[PROBLEM TO SOLVE]:
Repeat the listing exactly as given, omitting every image.

[DATA EXCERPT]:
*** Begin section ***

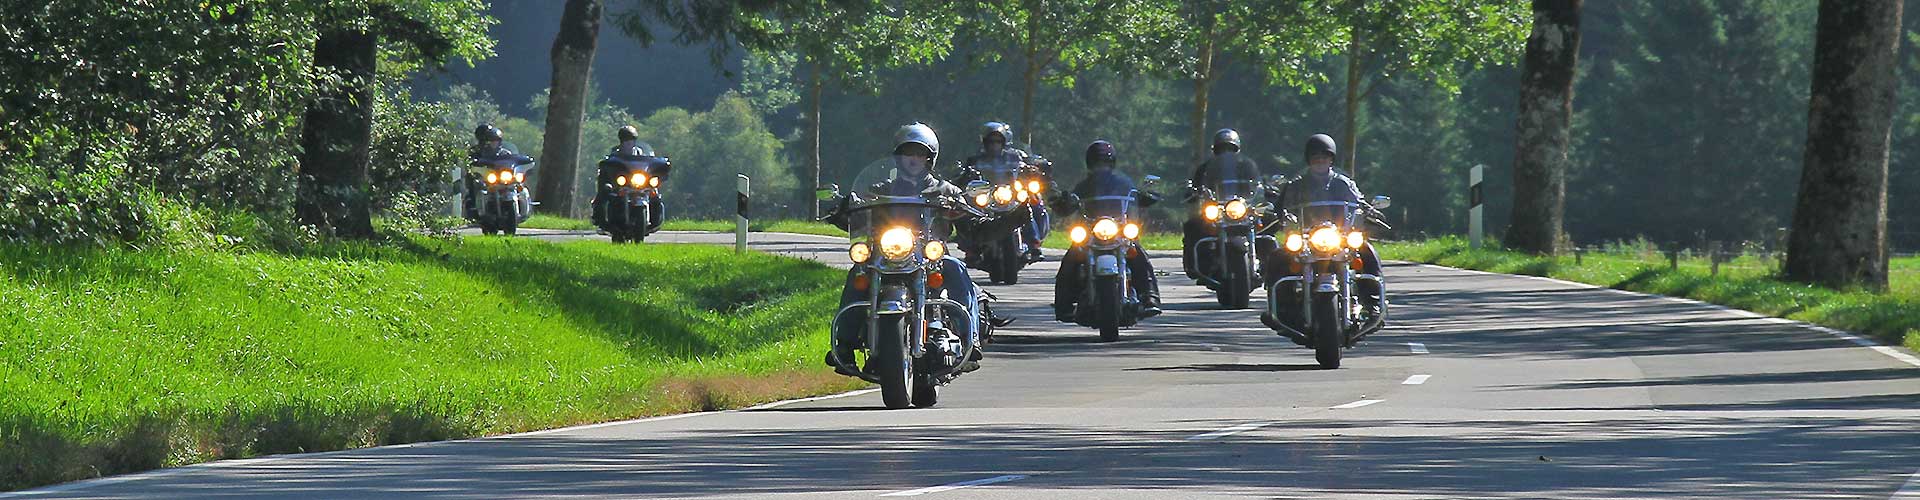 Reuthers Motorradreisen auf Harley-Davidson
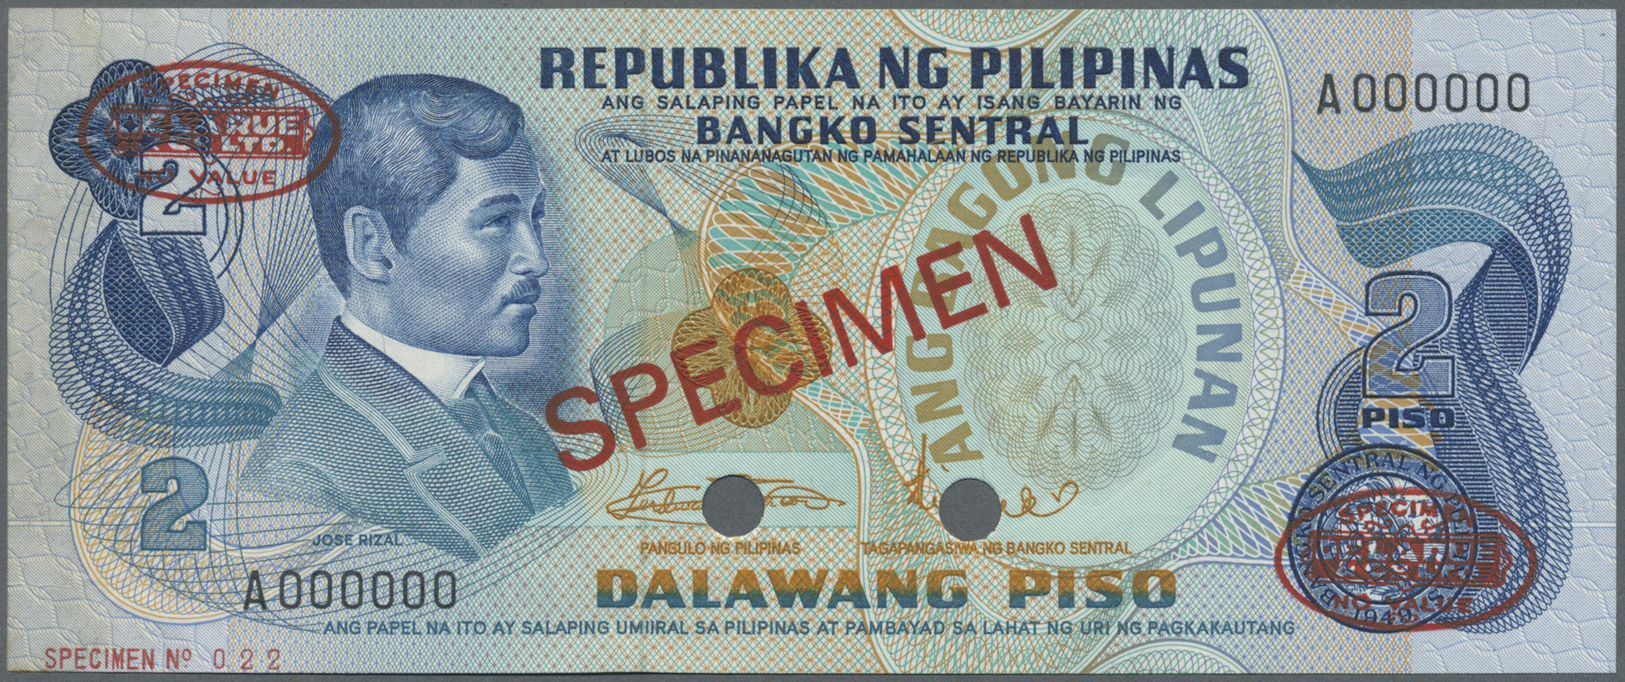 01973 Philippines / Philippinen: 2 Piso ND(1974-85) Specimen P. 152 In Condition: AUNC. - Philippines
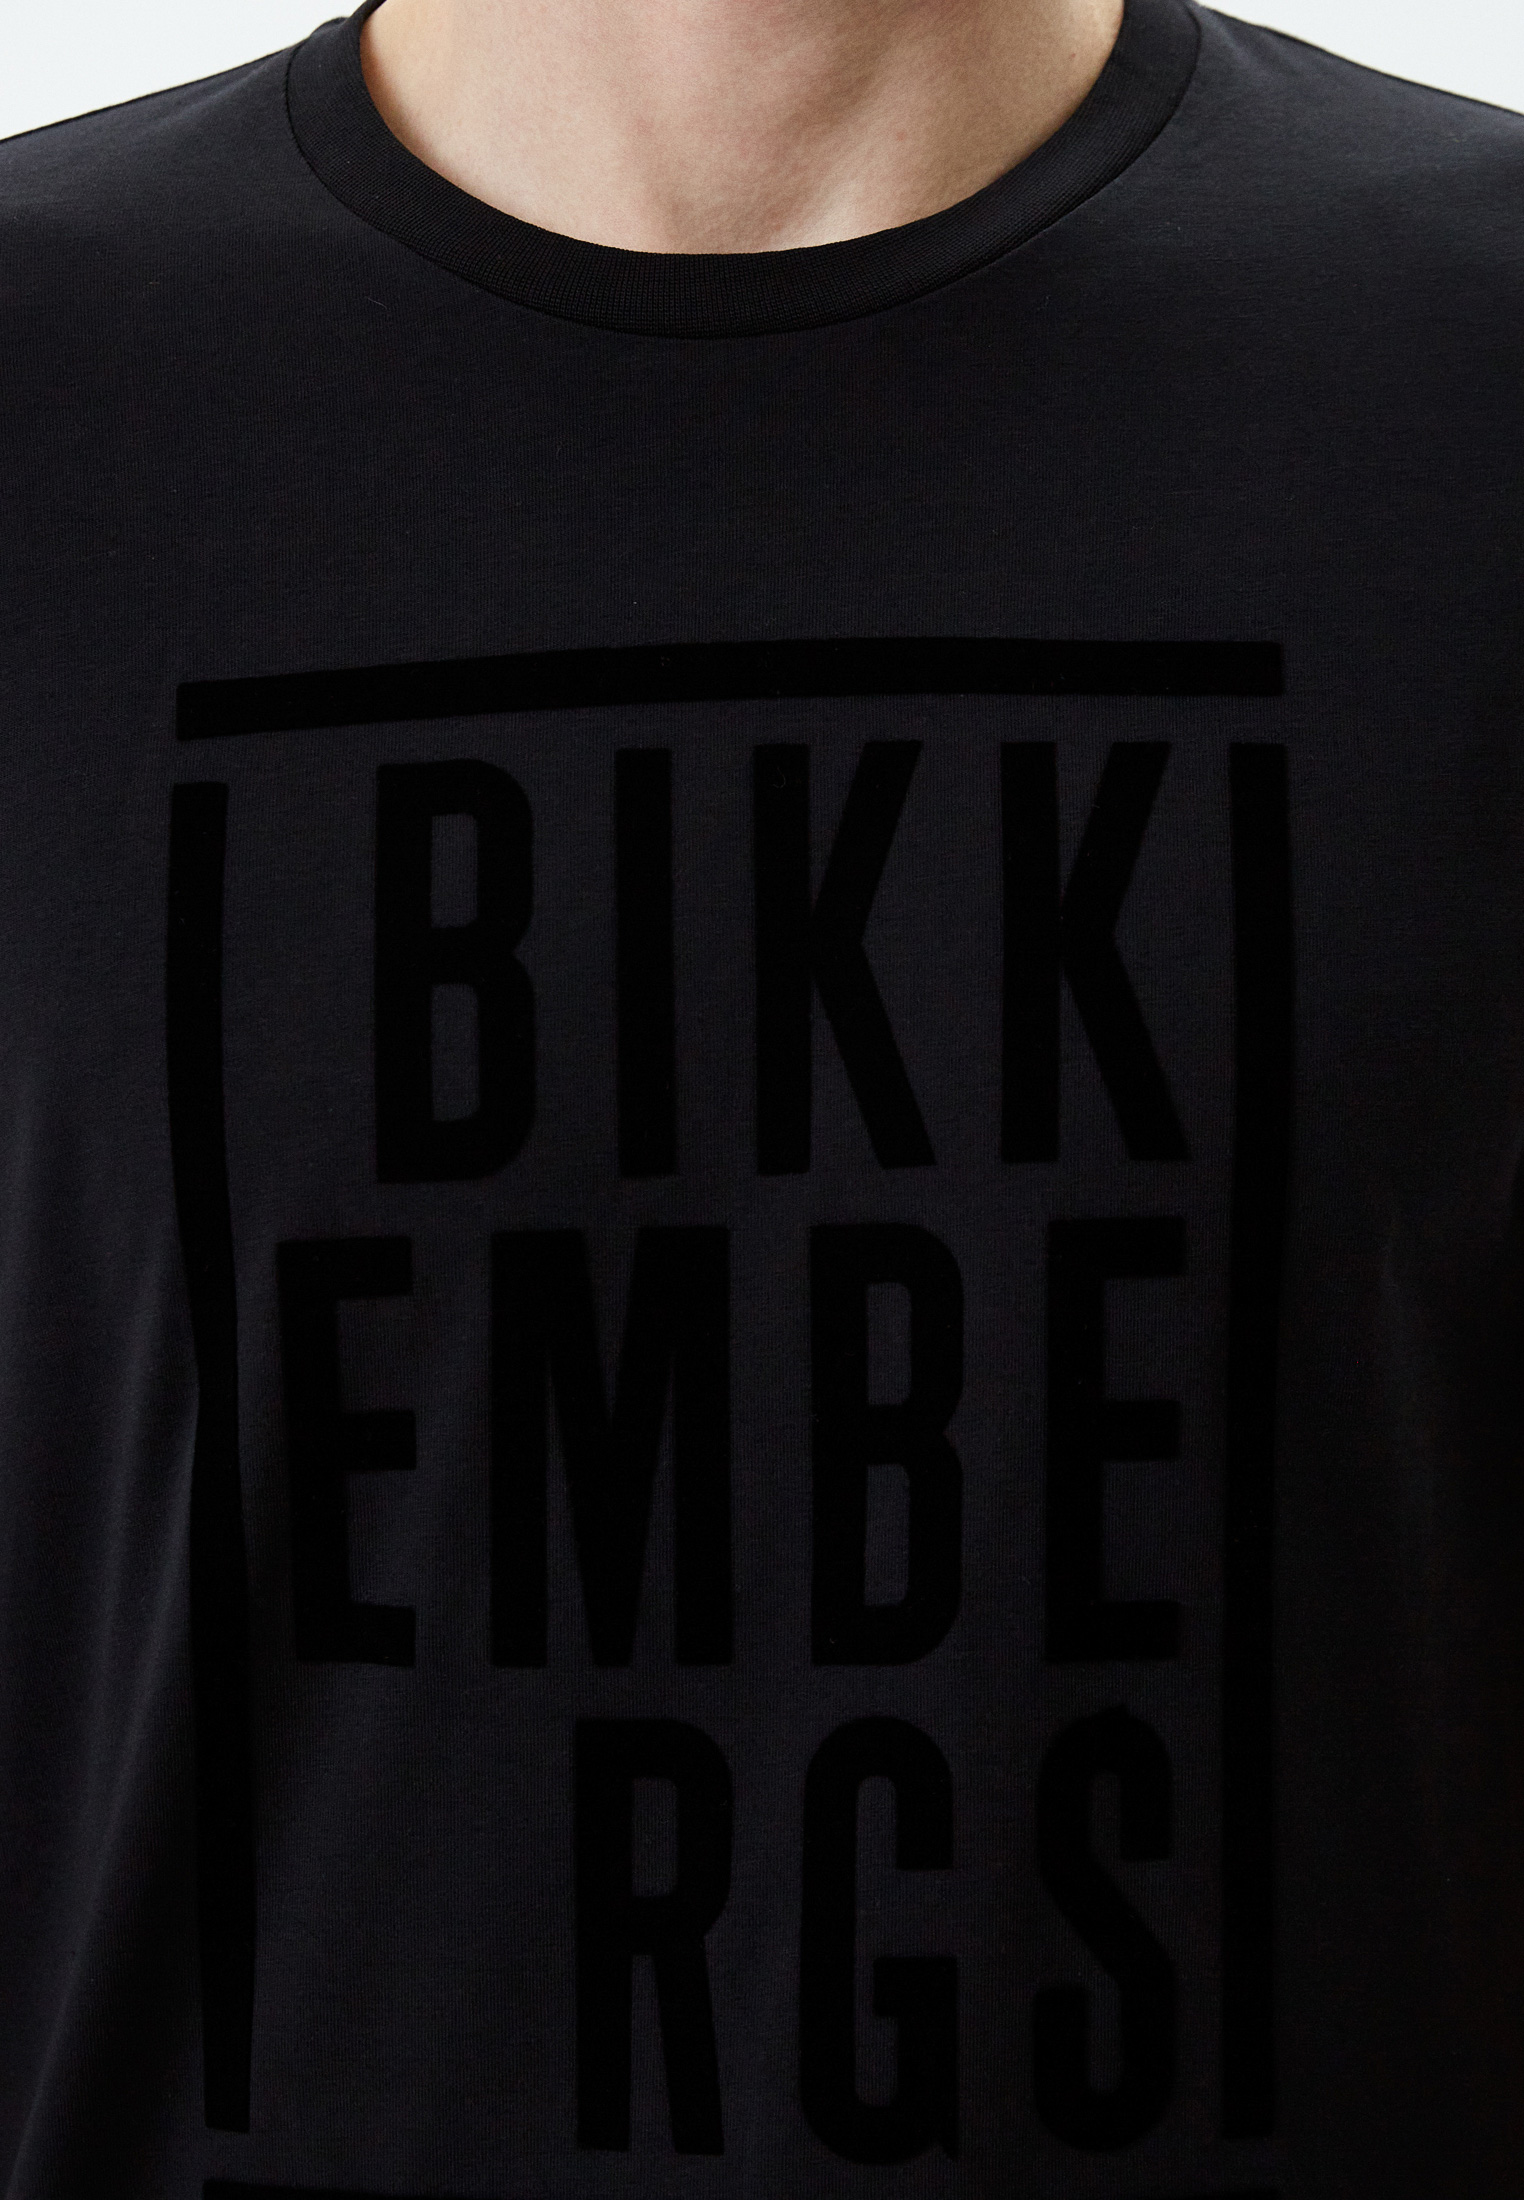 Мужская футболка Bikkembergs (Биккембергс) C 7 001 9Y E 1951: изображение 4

*** End section ***

[SOLVED PROBLEM]:
 Reuthers Motorradreisen auf Harley-Davidson
 01973 Philippines / Philippinen: 2 Piso ND(1974-85) Specimen P. 152 In Condition: AUNC. - Philippines
 Мужская футболка Bikkembergs (Биккембергс) C 7 001 9Y E 1951: изображение 4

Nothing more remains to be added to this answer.